> _Task to complete_
Repeat the listing word for word. Leave every picture out.

> _Raw data_
▬▬▬

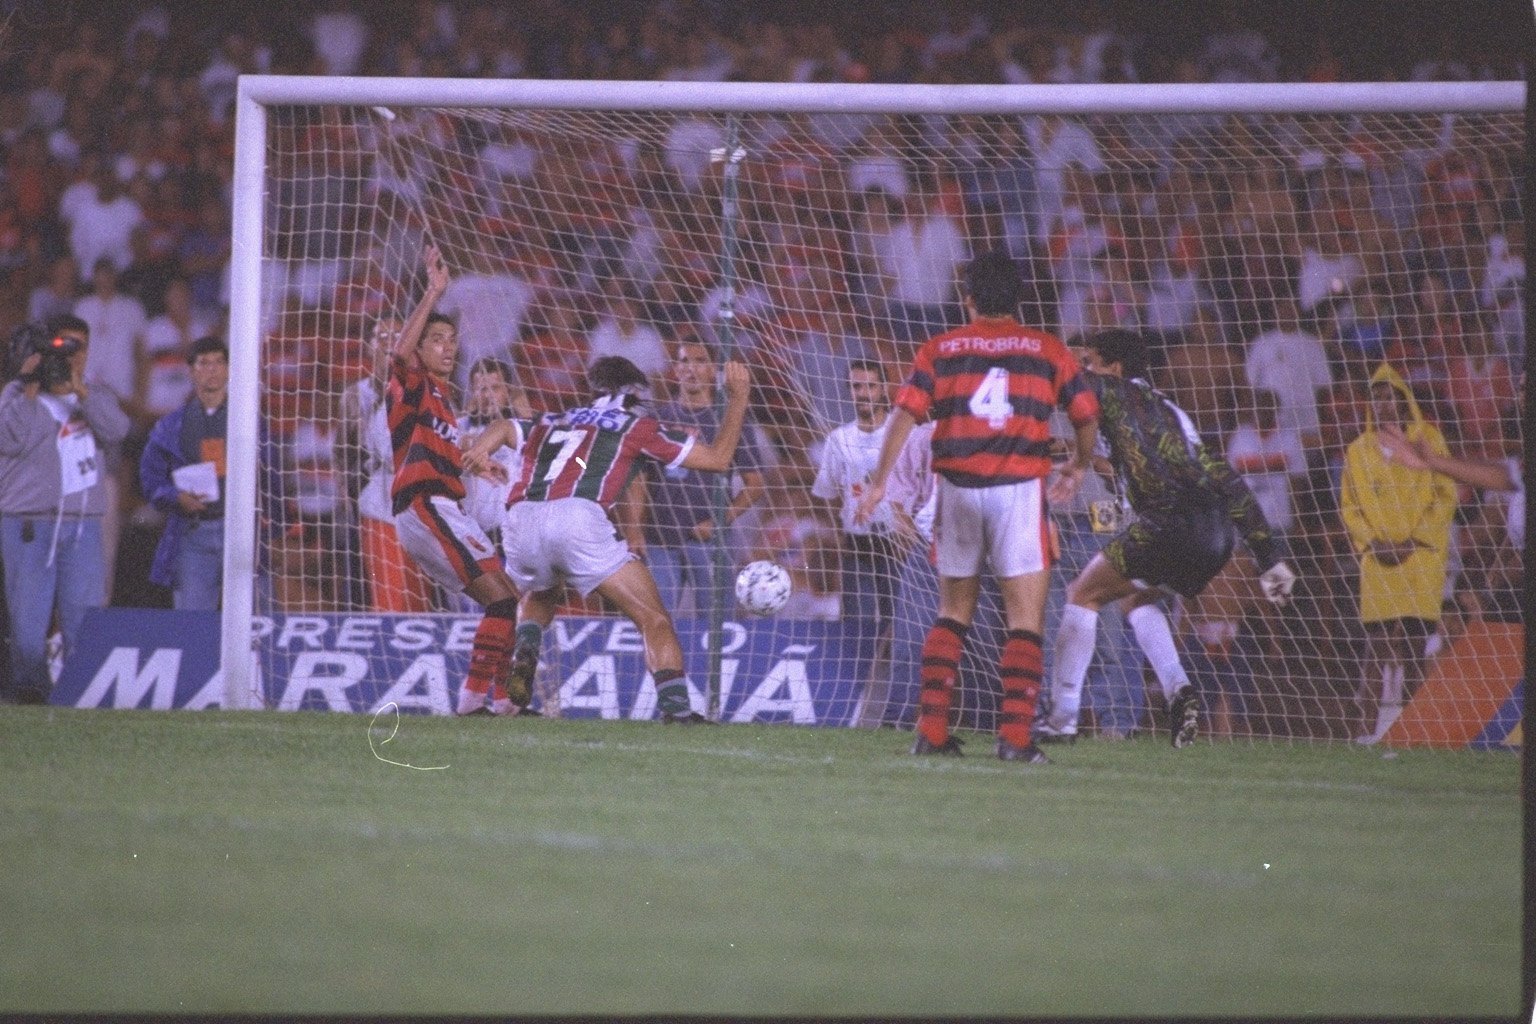 Fluminense 3 x 2 Flamengo - 25 de junho de 1995: Um dos jogos mais marcantes da história dos clássicos e do próprio Maracanã foi na final do Campeonato Carioca de 1995, quando Renato Gaúcho marcou o famoso gol de barriga para garantir o título tricolor.
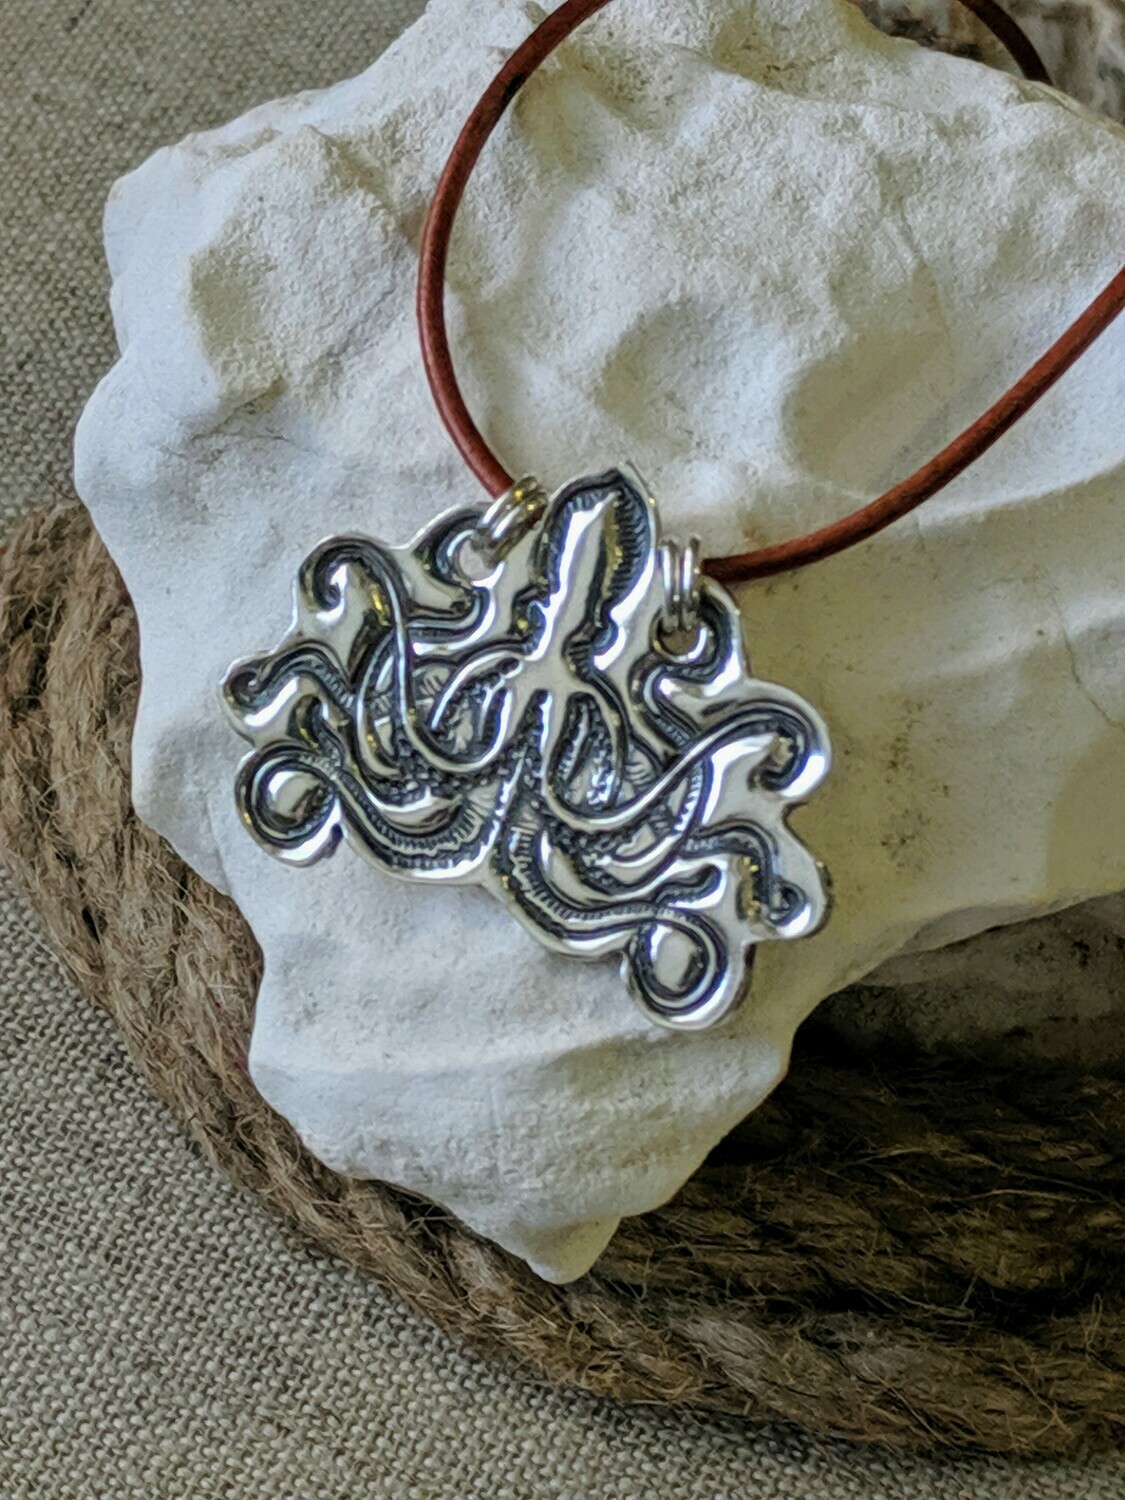 Kraken (Octopus) Pendant by Seaside Silver
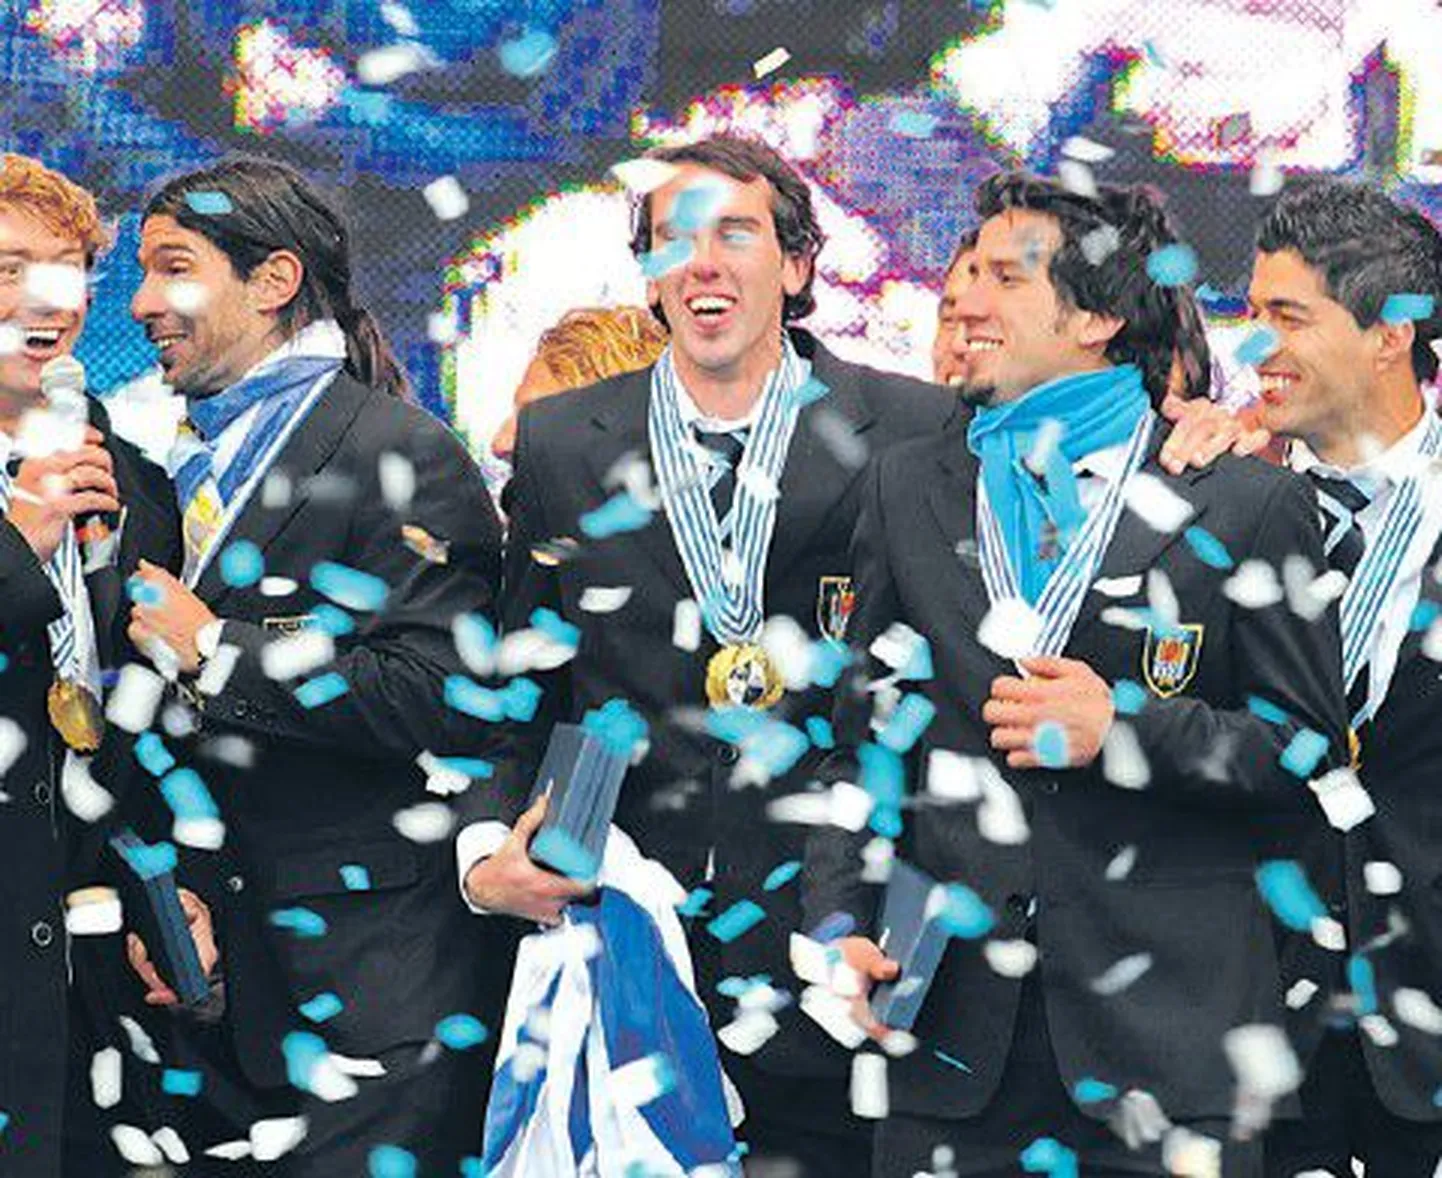 На чемпионате мира 2010 года в ЮАР сборная Уругвая заняла четвертое место и стала лучшей командой Южной Америки, обойдя Аргентину, Бразилию и Чили.

▬▬▬

> _Task output_
 Fluminense 3 x 2 Flamengo - 25 de junho de 1995: Um dos jogos mais marcantes da história dos clássicos e do próprio Maracanã foi na final do Campeonato Carioca de 1995, quando Renato Gaúcho marcou o famoso gol de barriga para garantir o título tricolor.
 Kraken (Octopus) Pendant by Seaside Silver
 На чемпионате мира 2010 года в ЮАР сборная Уругвая заняла четвертое место и стала лучшей командой Южной Америки, обойдя Аргентину, Бразилию и Чили.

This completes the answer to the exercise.